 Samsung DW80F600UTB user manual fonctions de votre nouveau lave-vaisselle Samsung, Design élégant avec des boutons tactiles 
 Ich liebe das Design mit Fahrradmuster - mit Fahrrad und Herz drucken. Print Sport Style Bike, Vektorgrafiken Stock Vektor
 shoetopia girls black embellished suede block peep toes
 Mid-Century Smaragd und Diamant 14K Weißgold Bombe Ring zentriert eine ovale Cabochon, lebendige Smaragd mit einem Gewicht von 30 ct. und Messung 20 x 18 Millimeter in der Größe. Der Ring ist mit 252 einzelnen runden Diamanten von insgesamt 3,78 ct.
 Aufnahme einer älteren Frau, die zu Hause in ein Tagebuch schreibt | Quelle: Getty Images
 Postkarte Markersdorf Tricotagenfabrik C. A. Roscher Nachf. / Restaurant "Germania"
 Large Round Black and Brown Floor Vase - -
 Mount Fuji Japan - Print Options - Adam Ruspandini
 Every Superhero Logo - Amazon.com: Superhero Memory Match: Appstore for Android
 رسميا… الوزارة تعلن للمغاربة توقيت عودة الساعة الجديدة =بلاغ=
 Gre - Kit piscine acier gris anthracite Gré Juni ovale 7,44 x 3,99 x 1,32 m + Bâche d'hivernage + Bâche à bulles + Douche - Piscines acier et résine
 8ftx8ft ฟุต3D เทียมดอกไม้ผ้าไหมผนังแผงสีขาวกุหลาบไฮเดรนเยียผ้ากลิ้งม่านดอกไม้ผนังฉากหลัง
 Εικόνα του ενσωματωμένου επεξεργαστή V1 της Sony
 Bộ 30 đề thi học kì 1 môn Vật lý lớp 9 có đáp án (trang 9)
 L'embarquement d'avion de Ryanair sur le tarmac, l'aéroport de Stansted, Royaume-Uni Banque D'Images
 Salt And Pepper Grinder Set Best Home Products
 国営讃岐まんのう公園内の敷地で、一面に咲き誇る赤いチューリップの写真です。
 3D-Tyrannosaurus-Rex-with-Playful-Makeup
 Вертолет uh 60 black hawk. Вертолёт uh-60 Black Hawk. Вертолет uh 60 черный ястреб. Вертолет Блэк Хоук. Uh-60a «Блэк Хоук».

— WHAT YOU NEED TO DO —
Select every line in the records above that contains the word "Images".

— RESPONSE AREA —
 Aufnahme einer älteren Frau, die zu Hause in ein Tagebuch schreibt | Quelle: Getty Images
 L'embarquement d'avion de Ryanair sur le tarmac, l'aéroport de Stansted, Royaume-Uni Banque D'Images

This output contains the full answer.